Hito didn’t choose vinyl, it chose her. And its trappings and triumphs have influenced her ever since. Her selection is more creative as the limitation of tracks available on vinyl means she will draw deep for classic tracks to join the dots. The physical challenge of mixing records that can’t be manipulated digitally is also something she embraces.

“I love the thrill and the risk,” the Japanese-born, Berlin-based DJ admits. “Vinyl has an end. There’s no loop unless you use machines. You have to mix by the rules of the record. I chase those thrilling moments from one track to the other. Sometimes I have a bad day and do a lot of bad beat-matching. Other times I have a perfect day and the mixing is so good. Like good weather and bad weather.”

Her creative philosophy is backed up by fastidious technical aptitude, one that saw her travel back to Tokyo to study deck mechanics and the long-lost art of turntable TLC. “My tour manager and I went to Japan and studied with my master DJ Ko Kimura,” she says, alluding to another thing that makes her unique: she acknowledges the place in DJ craft for master roles.

“He’s like Tokyo’s Frankie Knuckles or David Morales. He’s also a talented mechanic. He can fix cars, speakers, headphones and of course turntables. We learned a lot from Ko. How to set up in different scenarios, how to avoid vibrations, faulty cabling, bad needles, setting the level of the needle. It’s very important. Knowing how heavy the weight should be calibrated in different environments. Detailed technical facts.”

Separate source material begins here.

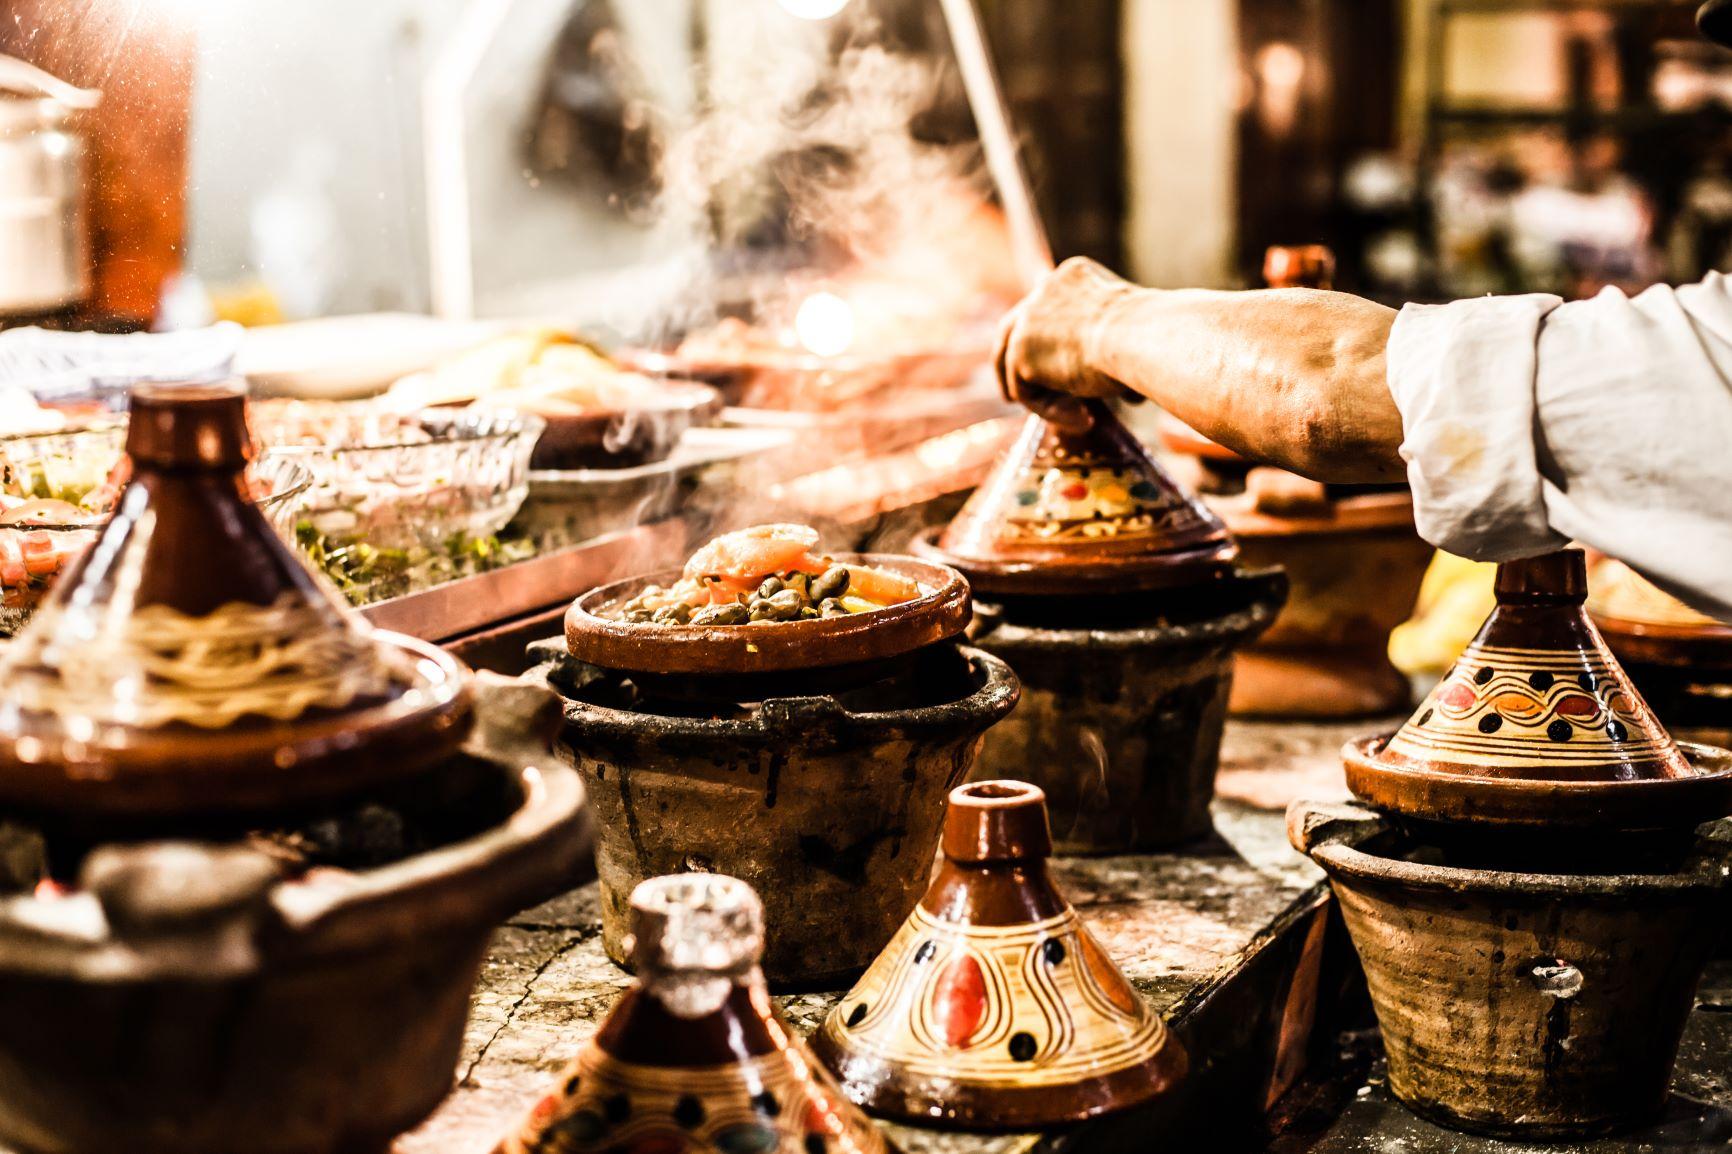 Marrakech. Lujo gastronómico. Nuba everywhere. Comida en la calle

It’s this precision balance of philosophy and technicality, deliberation and detail, that make Hito a perfect fit for Richie Hawtin’s ENTER. concept – although their first connection when they met in Berlin in 2008 wasn’t through music or technology at all.

“At the beginning we were studying sake. That was our connection, not music,” she recalls. “We were playing very different music. Then in 2012 when ENTER.Sake began he called me up and I guess he was positively surprised, so kept inviting me back.”

In a sea of egos, humility is the fifth factor that gives Hito a refreshing edge. Her role as a MODEL 1 ambassador is equally unique. A member of a crack team of DJs who embrace the widest spectrum of technology in their own unique combinations, Hito plays the concept of PLAYdifferently in a different way…

“A mixer is a musical instrument,” says Hito. “To use a mixer is to perform. The better the instrument, the more you will push the sound. With the MODEL 1 you get into the details of the frequencies; it’s not just high-mids-low, the sounds are more crafted. You can feel the frequencies in the mix. It’s completely changed how I feel and see the sound.”

Hito first felt this change when she debuted on the mixer after just two hours of practice (or “study”, as she calls it) at the PLAYdifferently HQ. She then DJed on it at one of techno’s most illustrious and respected venues: Frankfurt’s Robert Johnson.

“Everyone could see it, it’s a scary memory to this day!” she laughs. “But the scariest day was the live-streamed show that launched the mixer. The world was watching. Now I can laugh. But I have never had such a scary experience. But that’s the risk all DJs should embrace: trying something new and pushing yourself.”